Firing up tcpdump, I found that:
  1. There was a significant delay before the first packet (SYN) even appeared.  So something else was going on before the connection was even attempted.  A DNS problem was a good bet.
  2. The first packet (SYN) was resent about 3 times before the web server responded.  This would also cause a significant delay in starting the connection.
So, investigating a potential DNS problem:
dig payments.corporate.lloydsbank.com
Resulted in a long wait before failing - definitely a DNS problem then.  Lets find the name servers responsible:
# dig payments.corporate.lloydsbank.com ns +trace
<snip>

payments.corporate.lloydsbank.com. IN NS  ns-lv6.lloydsbanking.com.
payments.corporate.lloydsbank.com. IN NS  ns-lv2.lloydsbanking.com.
payments.corporate.lloydsbank.com. IN NS  ns-lv7.lloydsbanking.com.
payments.corporate.lloydsbank.com. IN NS  ns-lv3.lloydsbanking.com.

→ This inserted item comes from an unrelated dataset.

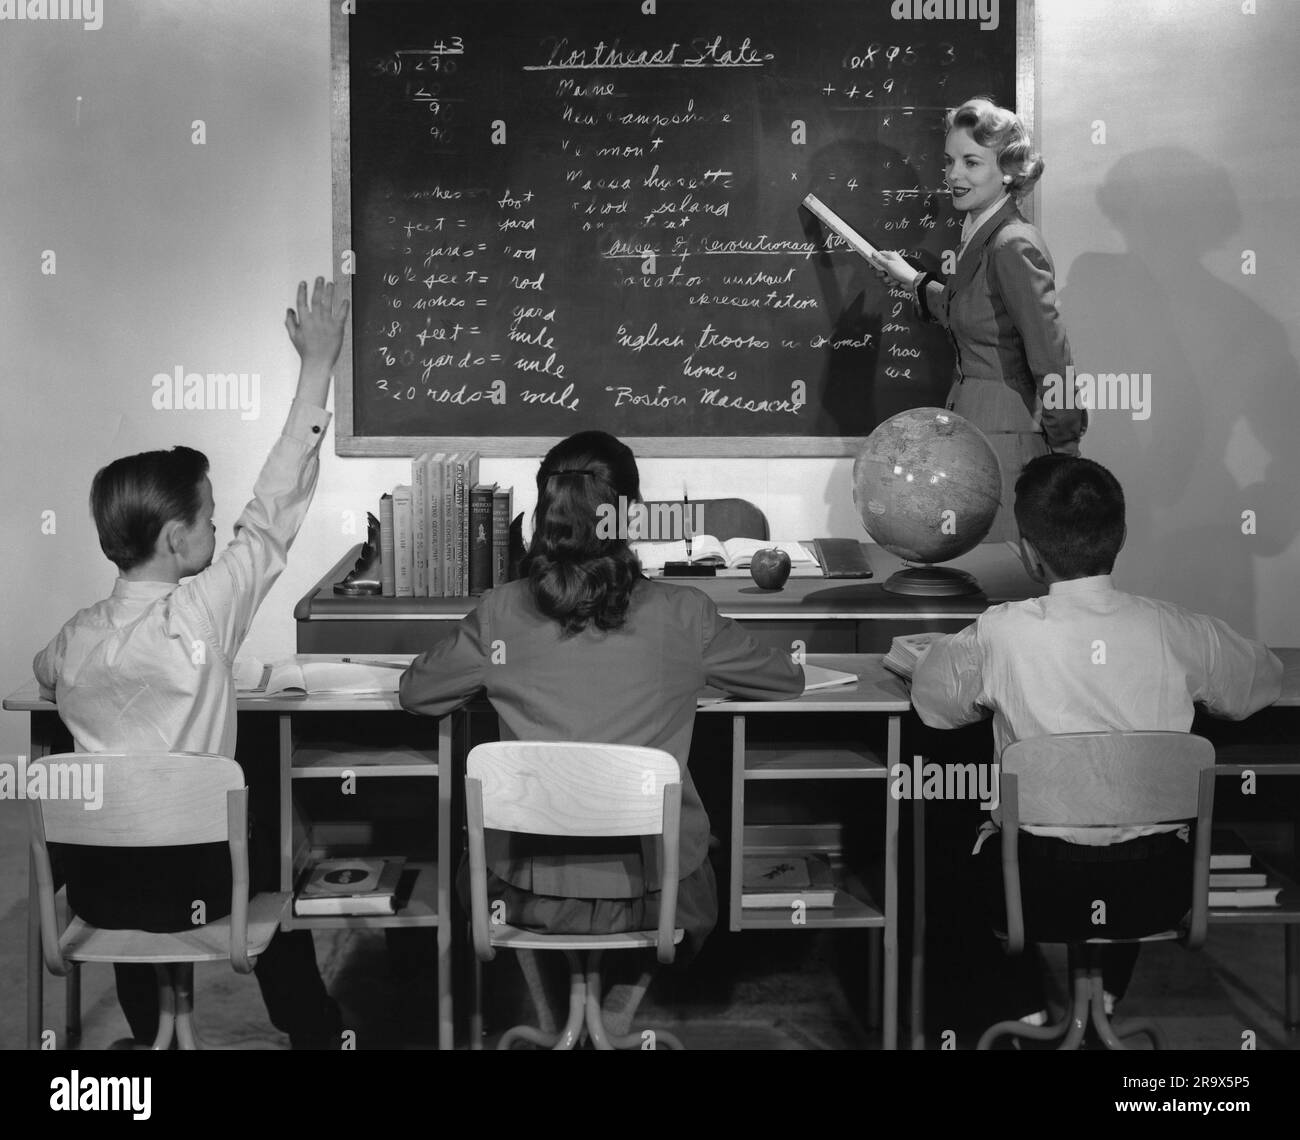 Insegnante donna in piedi alla lavagna che indica scritti utilizzando un documento arrotolato, mentre uno dei tre studenti seduti alle loro scrivanie alza la mano per fare una domanda o rispondere a una domanda Foto Stock
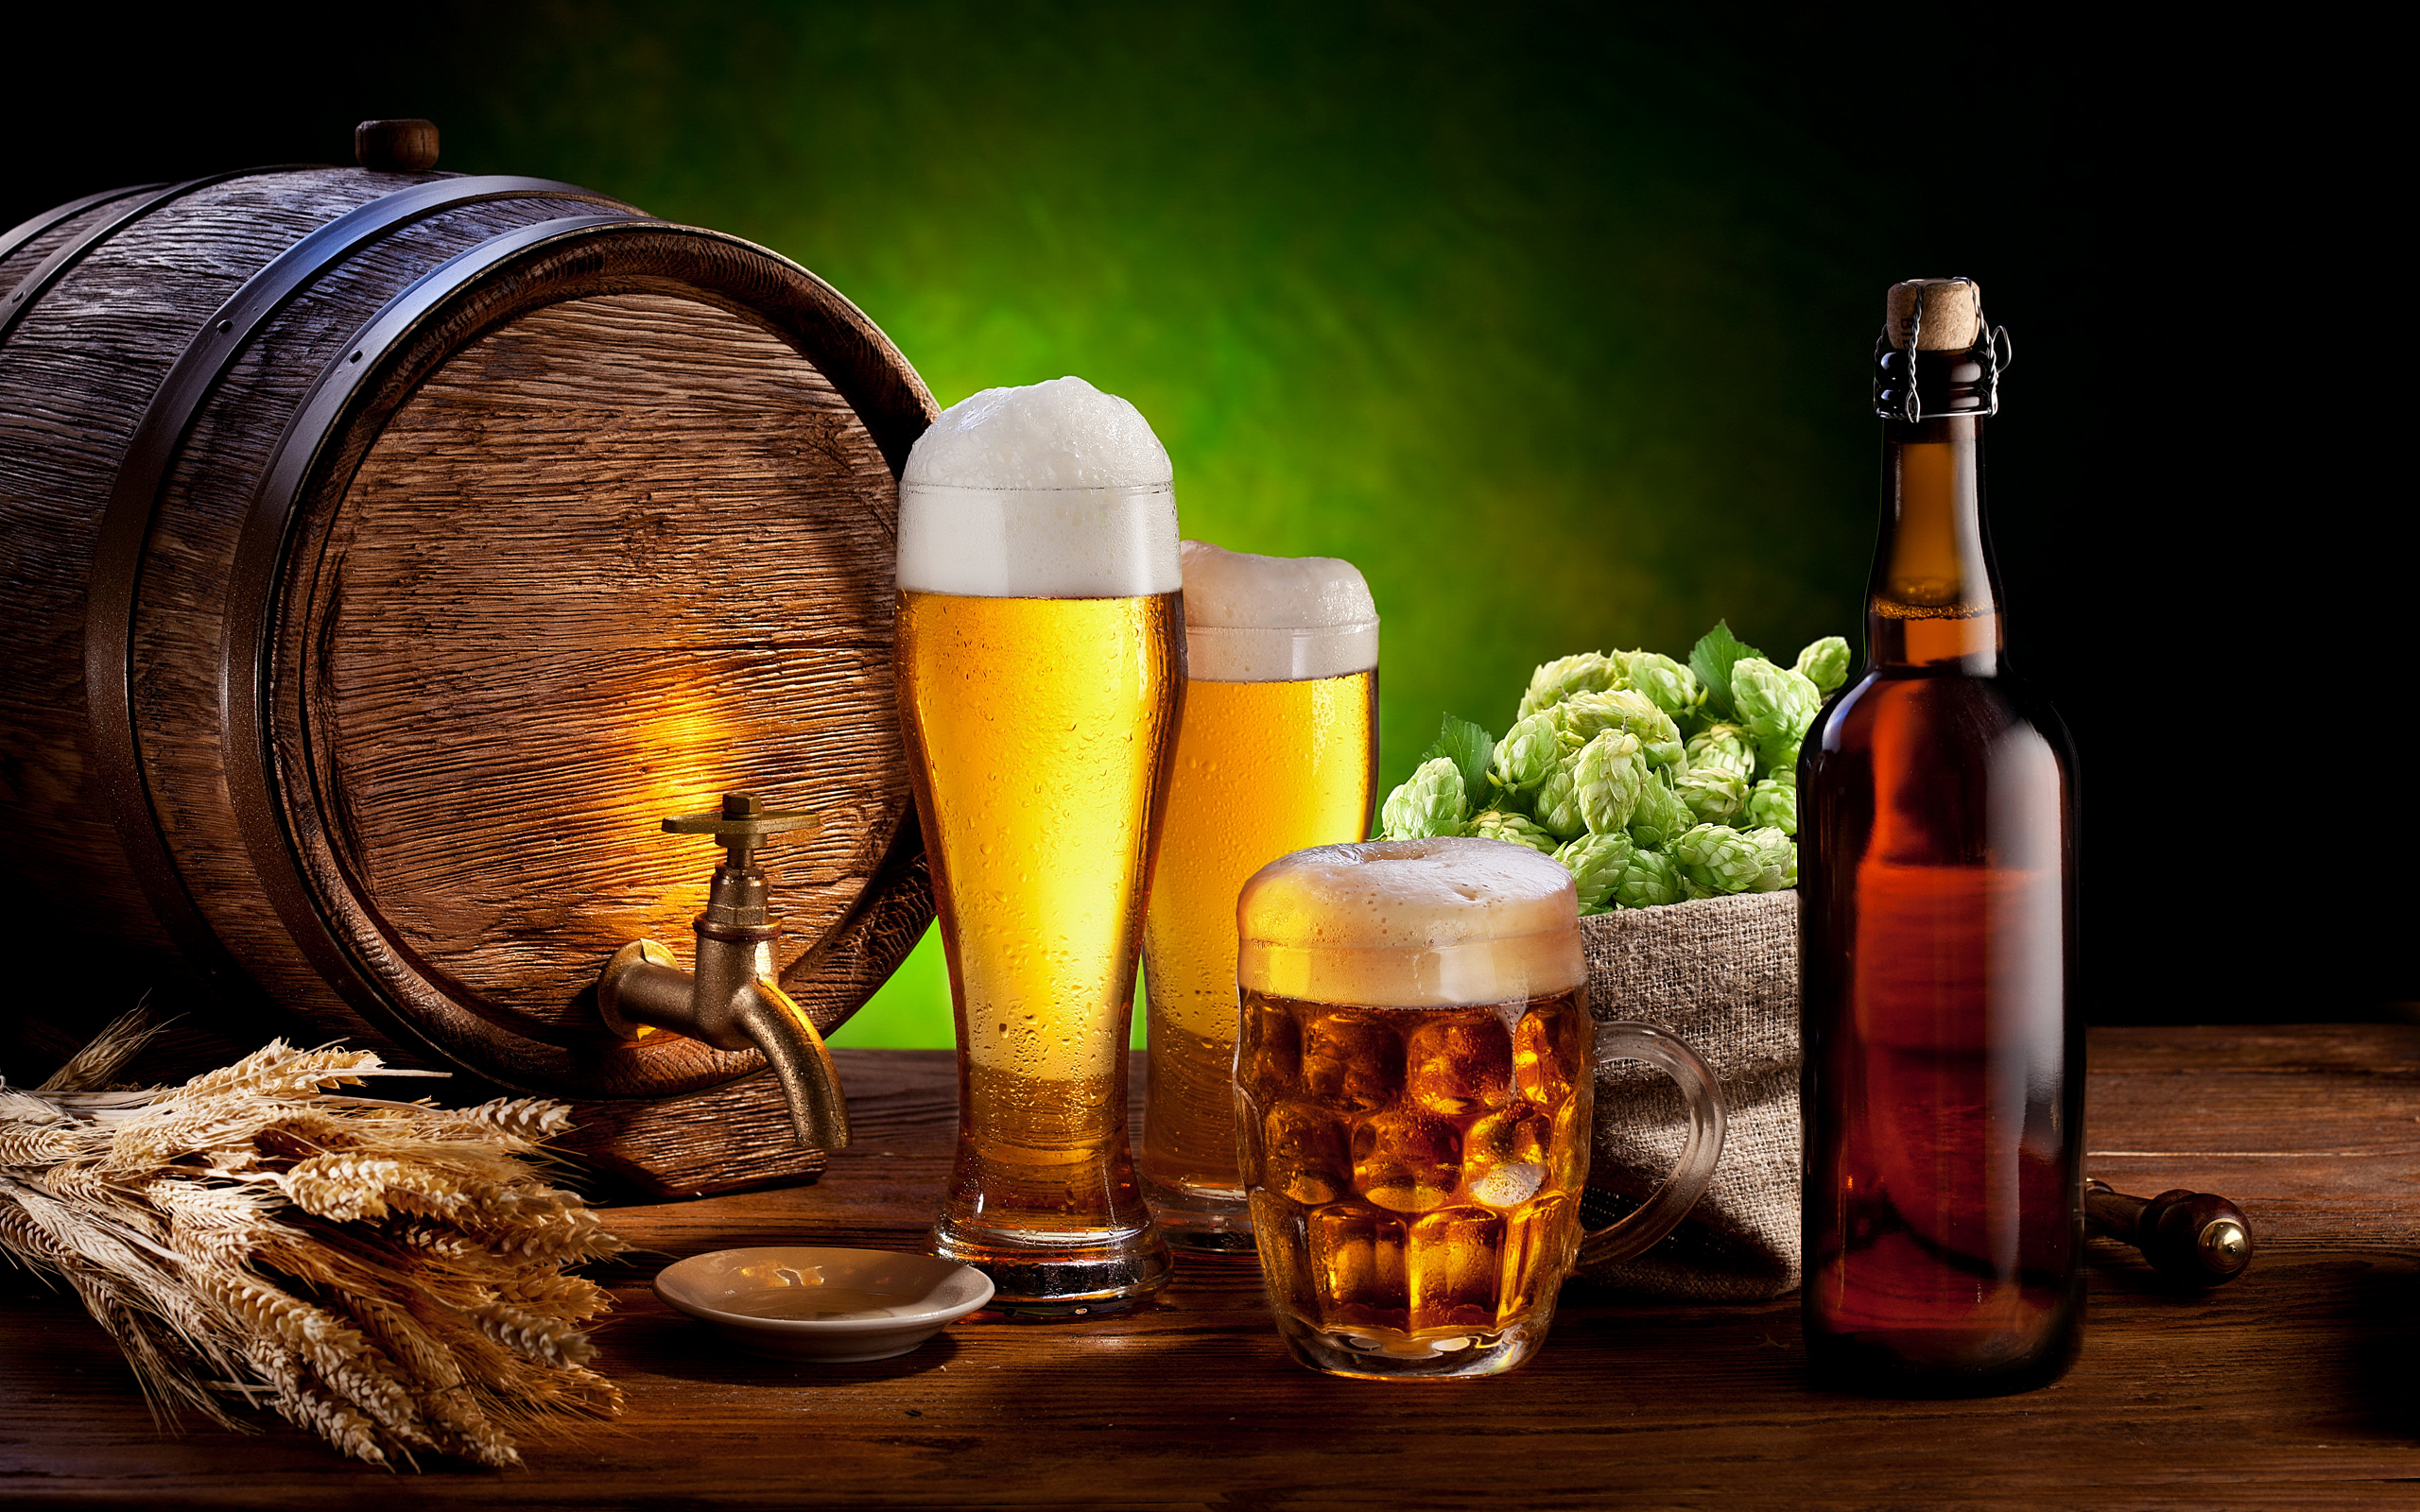 Free download wallpaper Food, Beer, Glass, Bottle, Barrel on your PC desktop

Looking those up gives me:
ns-lv6.lloydsbanking.com. IN    A    141.92.88.1
ns-lv2.lloydsbanking.com. IN    A    141.92.96.1
ns-lv7.lloydsbanking.com. IN    A    195.171.195.169
ns-lv7.lloydsbanking.com. IN    A    195.171.195.168
ns-lv7.lloydsbanking.com. IN    A    195.171.195.167
ns-lv7.lloydsbanking.com. IN    A    195.171.195.166
ns-lv7.lloydsbanking.com. IN    A    195.171.195.165
ns-lv7.lloydsbanking.com. IN    A    195.171.195.164
ns-lv7.lloydsbanking.com. IN    A    195.171.195.163
ns-lv7.lloydsbanking.com. IN    A    195.171.195.170
ns-lv3.lloydsbanking.com. IN    A    141.92.104.1
So there are 11 name servers.  And by trying to look up against each of those name servers I find that 9 of them are down.  That means that about 82% of DNS requests are going to time out - at best things are going to be very slow while the customer's DNS server makes repeated DNS lookups and waits for each to time out; at worst it will fail to find a working DNS server and give up, rendering the website inaccessible.

To summarise:
  • 9 out of 11 of Lloyds' DNS servers were down, resulting in intermittently very slow or even completely broken DNS lookups.
  • If you managed to resolve the web server's IP address, it took a long time to accept the connection.
  • If you managed to get a connection, the web server may fail to negotiate an encrypted TLS session with the client.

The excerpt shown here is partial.